Updated: Jun 23, 2020



Blog by Dan

Community Champion


Four volunteers tilled the now dryer soil at Phipps Bridge this Wednesday. We ventured out under the “lockdown” rule that says allotmenting counts as your “one outing for exercise” a day, provided you get no closer to others than shouting distance. I spent two lovely hours hoeing the weeds away from the rapidly growing broad beans, basking in the warming spring sun.
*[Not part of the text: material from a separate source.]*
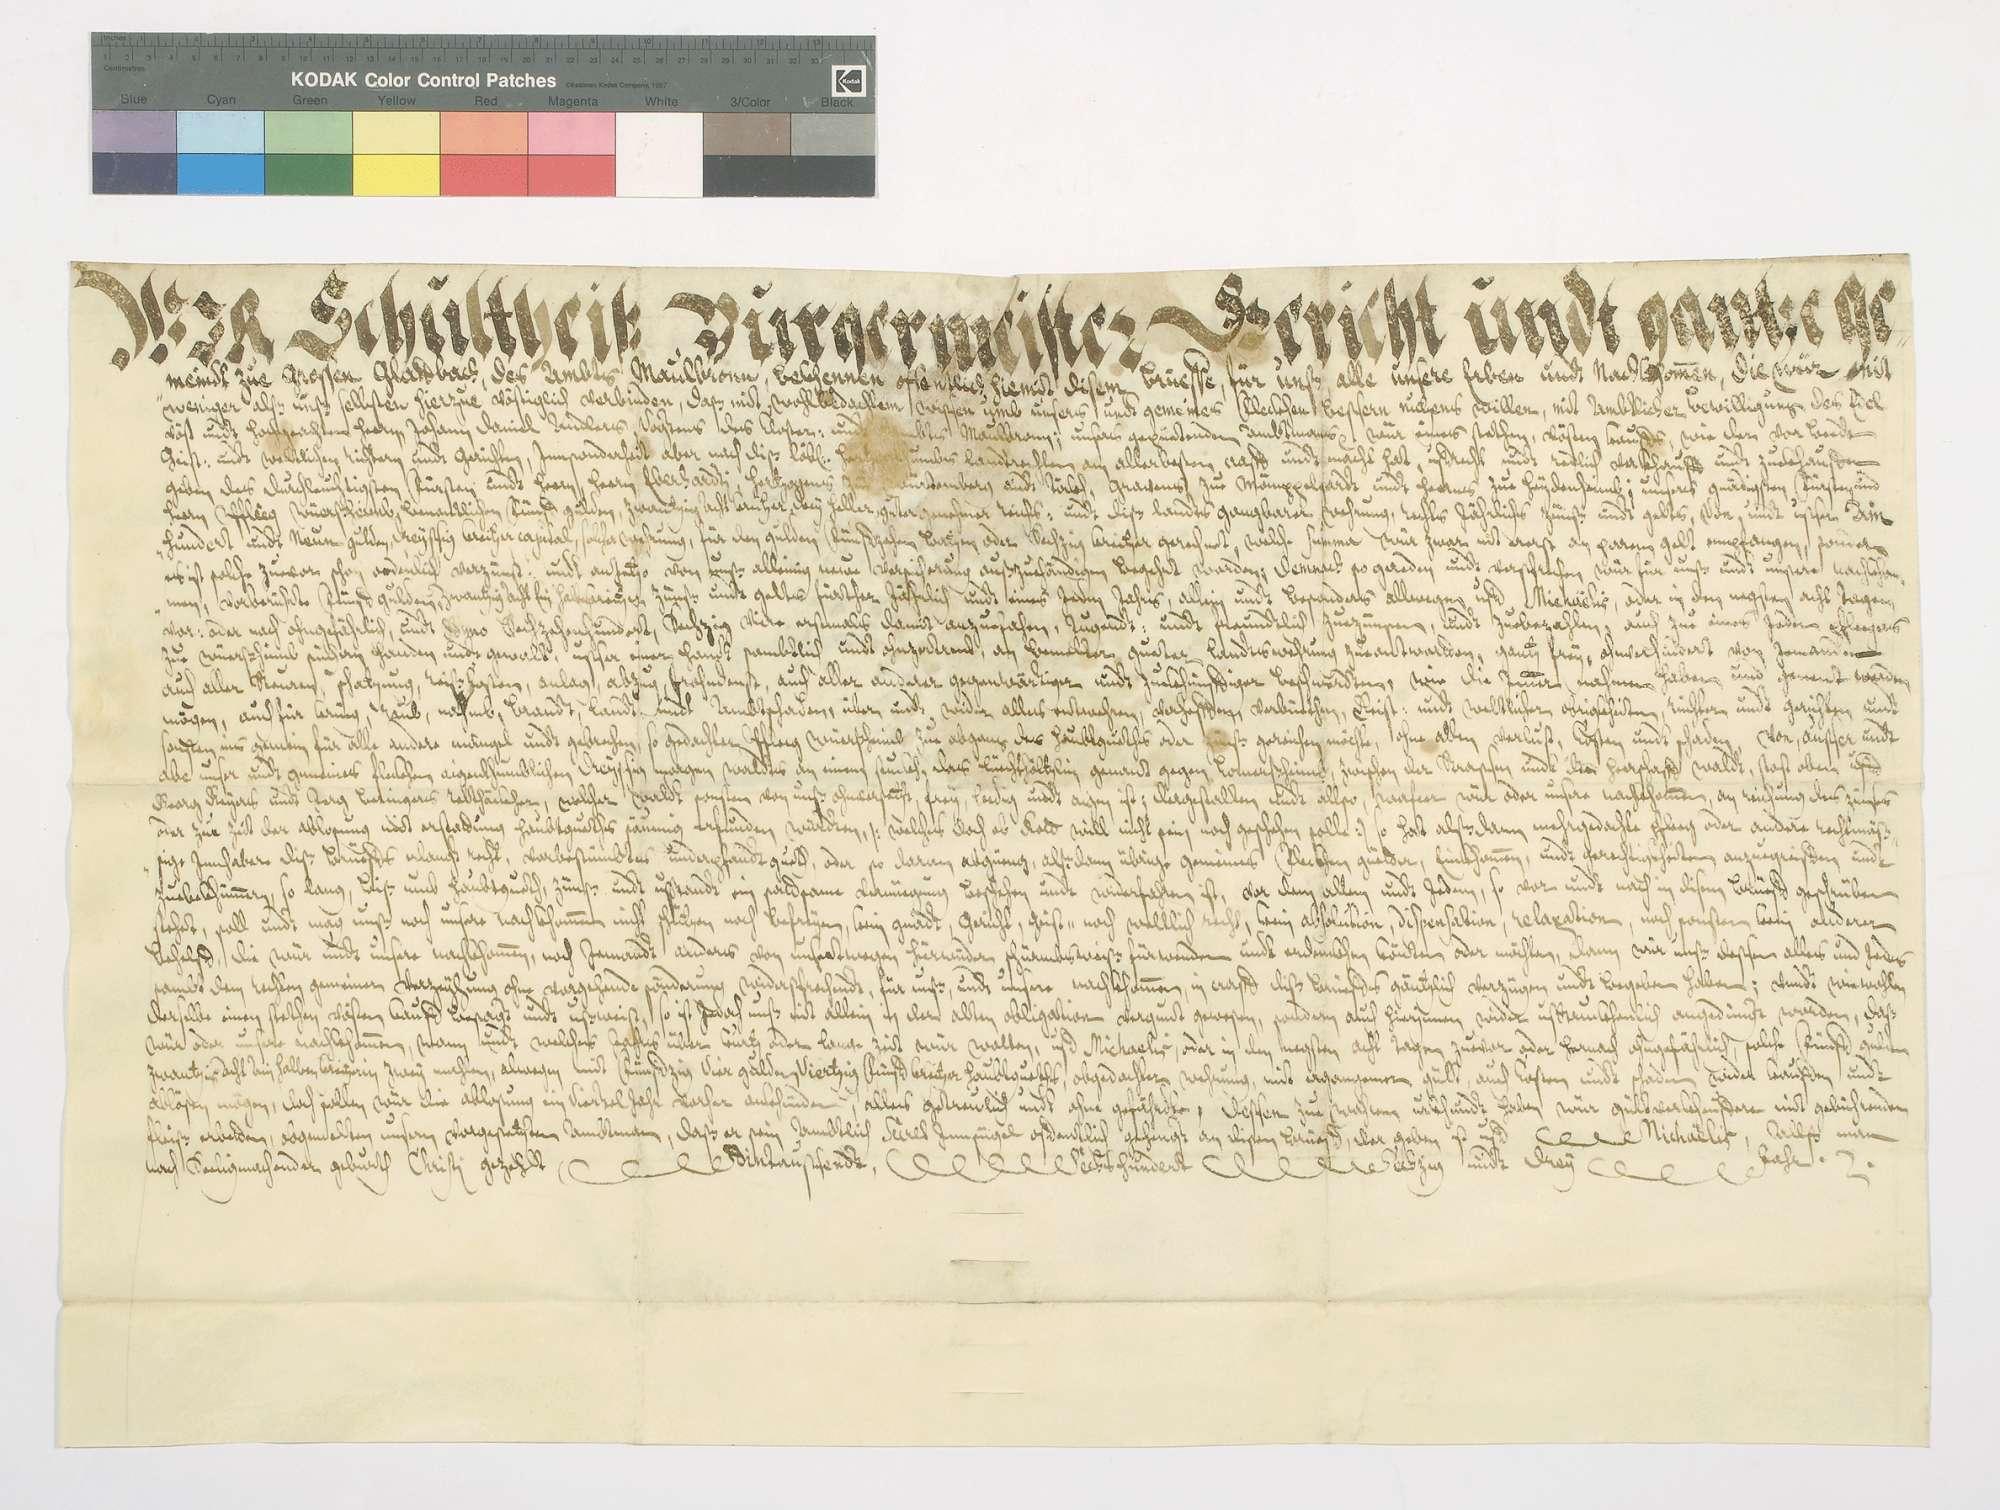 Schuldbrief der Gemeinde Glattbach für das herzogliche Amt Wiernsheim über 109 Gulden 30 Kreuzer Kapital, für welches der Gemeindewald Lüchthölzlein verpfändet wird., Bild 1

The other volunteers - if my long-distance eyesight did not betray me - planted potatoes and removed an unwanted “crop” of thistles. There is no need for me to explain the real hardship, fear and suffering that the coronacrisis has brought, and I would not wish to make light of that. However, any crisis brings at least some good things along with the bad. For me, being able to walk the three miles to Phipps Bridge almost pollution-free, and to hear the birds singing, unimpeded by the constant roar of planes from Heathrow, are a real pleasure. The many acts of everyday kindness that you cannot help witnessing, and the enhanced interest neighbours are taking in one another, are also major “silver linings” to this viral cloud. These make me wonder whether this period may help us to envisage a society that takes far greater heed of the needs of both people and nature. That may sound utopian, but it was in the midst of the Second World War that the NHS and the welfare state were designed. Right - I'll climb carefully (my back is a bit sore from hoeing!) off my soapbox now. Stay well, and if you're not well, I hope you recover soon.